Monday, October 30, 2017

American Pharmaceutical Association Headquarters - An Unassuming Name for an Impressive Building

This past Saturday was my Father-in-Law's Yahrzeit (Z"L), and in his memory Shira and I took a walk down to the American Pharmaceutical Association (APhA) headquarters building. My Father-in-Law was a pharmacist, so it was an obvious destination. But even without this connection, the building is worth your time.

First of all, the building is situated opposite the Lincoln Memorial, and lives on Constitution avenue. This is prime real estate, to say the least. To the credit of the APhA, back in the 1930's, they didn't skimp on construction. The building was designed by John Russell Pope, who's also responsible for the Jefferson Memorial, National Gallery of Art, National Archives among other projects. As you approach the building, details fill in that you'd otherwise miss by just casually walking by.

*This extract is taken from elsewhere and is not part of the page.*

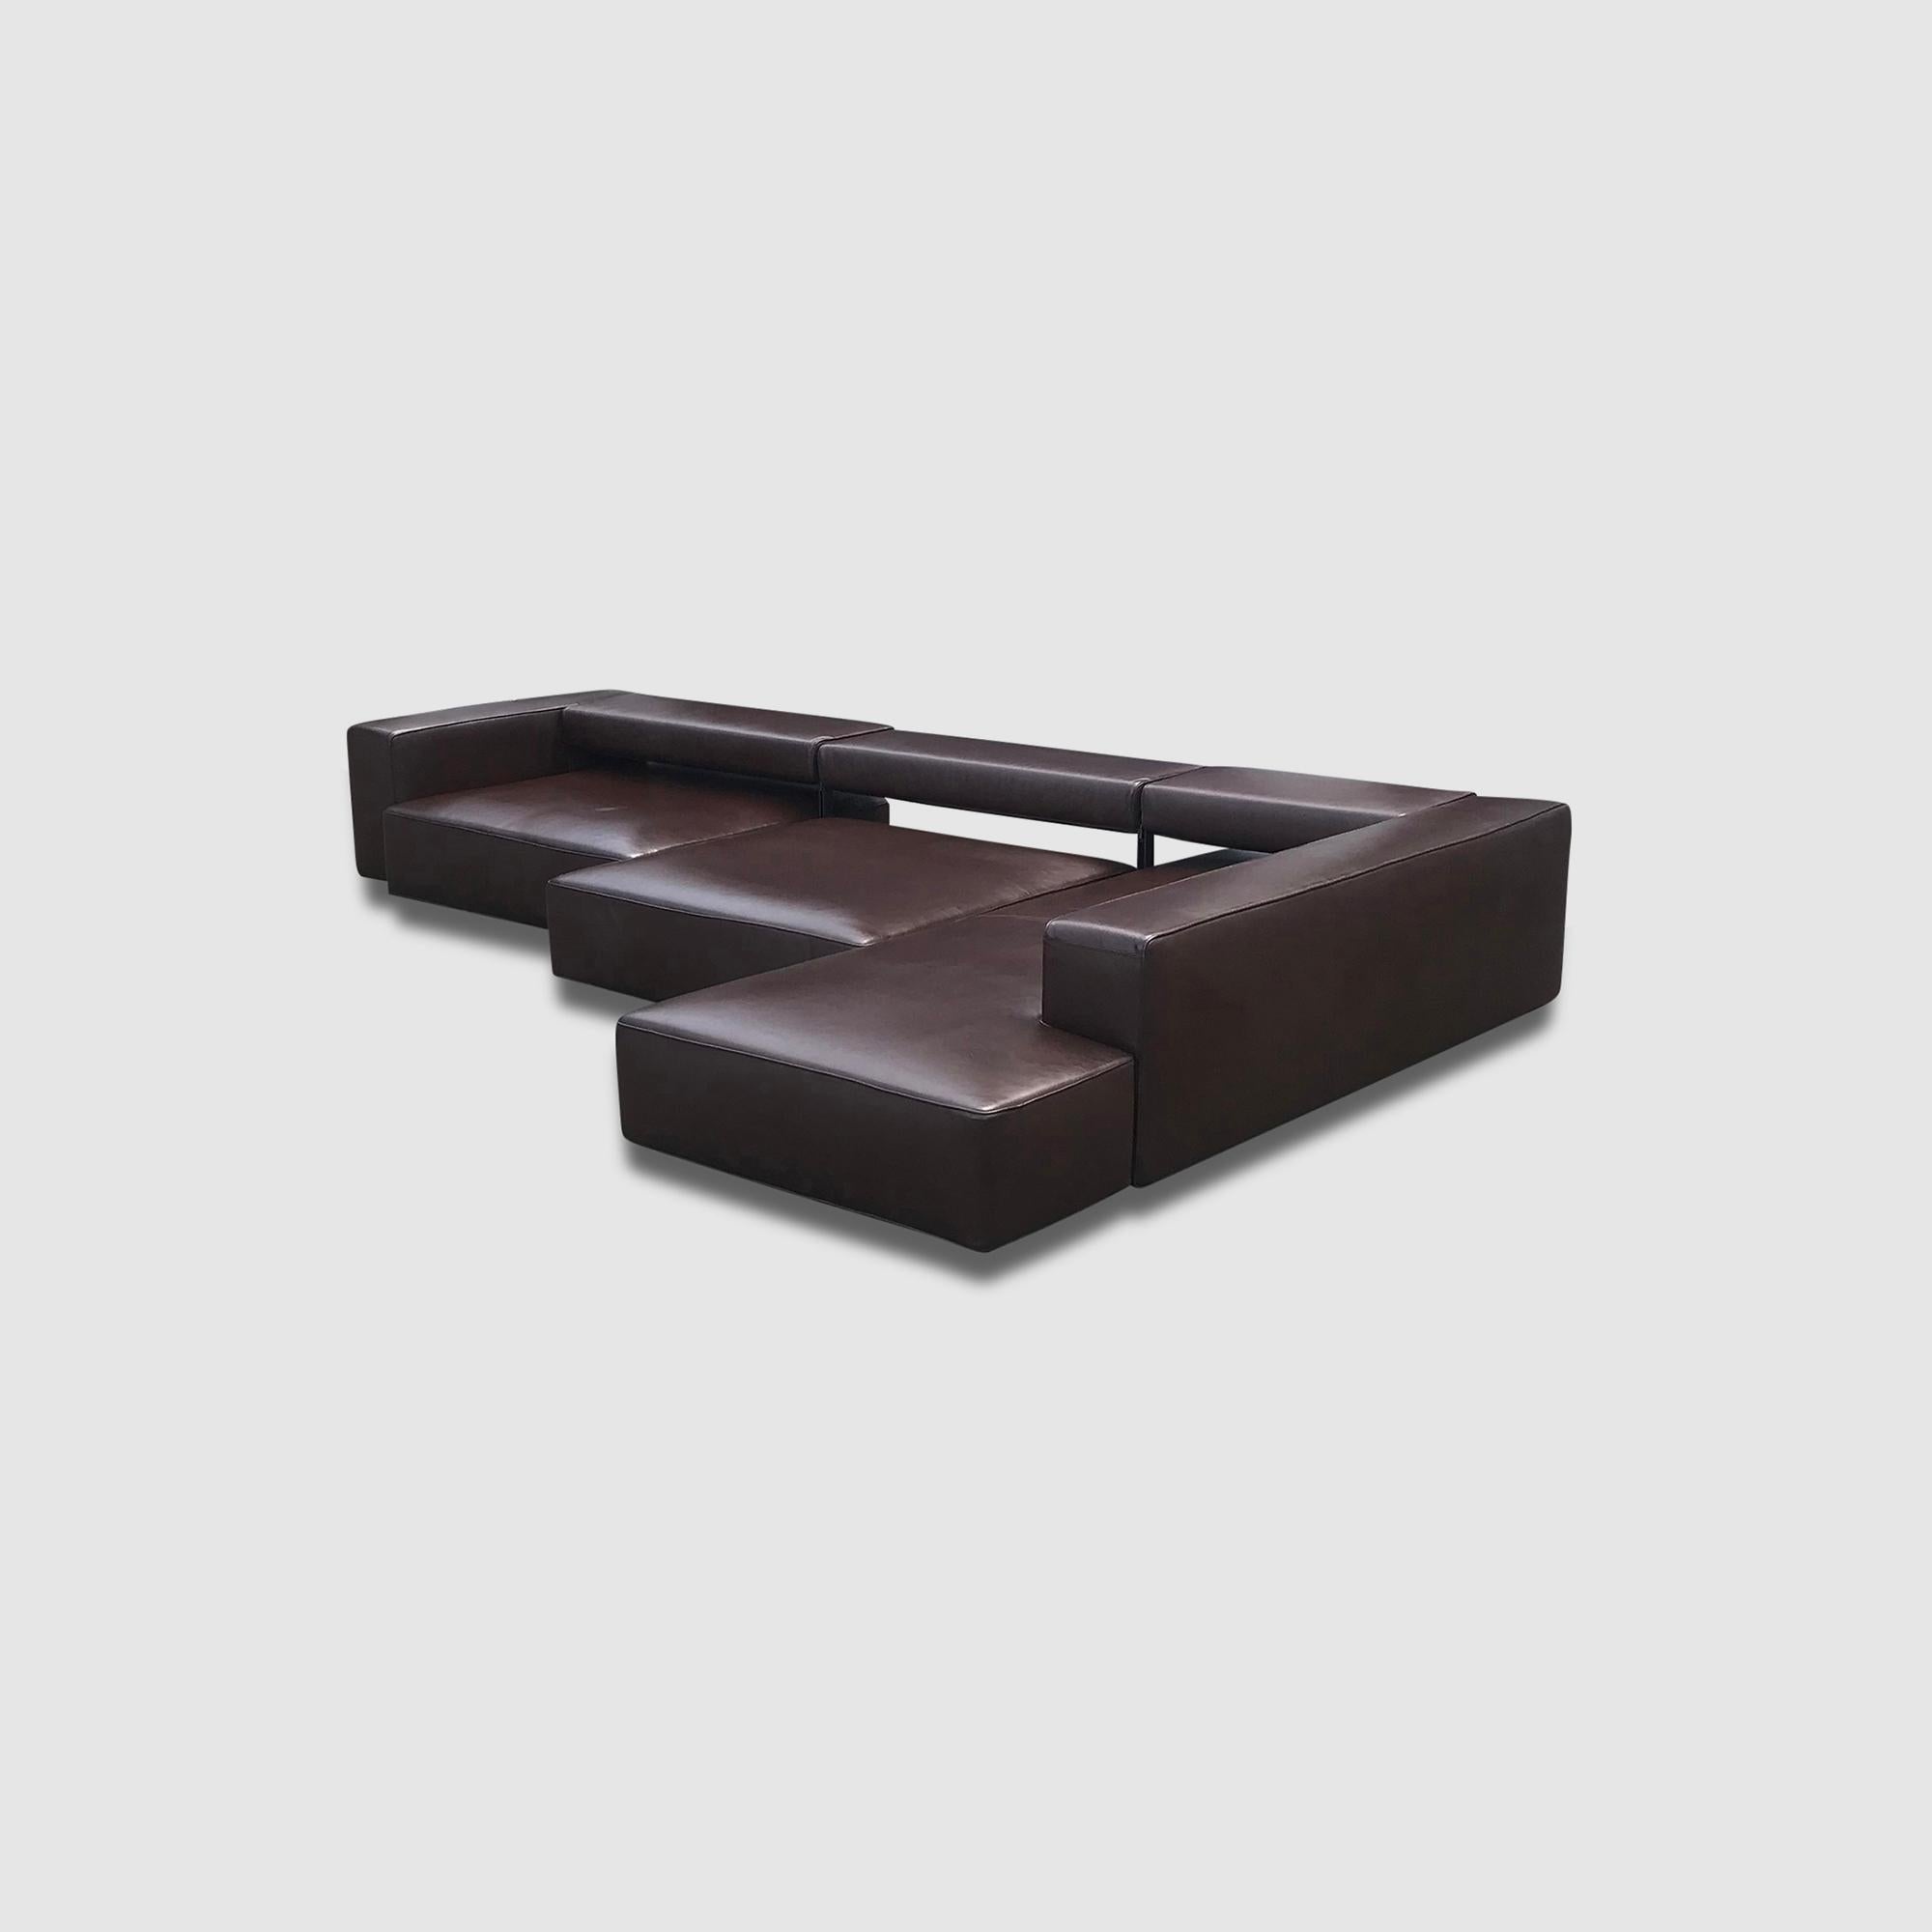 Modular Leather Andy Landscape Sofa by Paolo Piva for B&B Italia 2013 10

As is typical with DC sites, the location has an apocryphal story to accompany it. In this case, the legend goes that the original purpose of the building was to serve as Lincoln's tomb. Like all good stories, there's a shred of truth to it:

[Pope's] first major museum commission in 1907 was to design a memorial for Abraham Lincoln’s birthplace in Hodgenville, Kentucky, to enshrine Lincoln’s original log cabin. Pope’s 1907 design proved too expensive to build, and he was forced to create a less expensive structure that stands today at Lincoln’s Farm. Since it was a common practice for architects to recycle unused designs, Pope submitted his design as the plan for the American Institute of Pharmacy.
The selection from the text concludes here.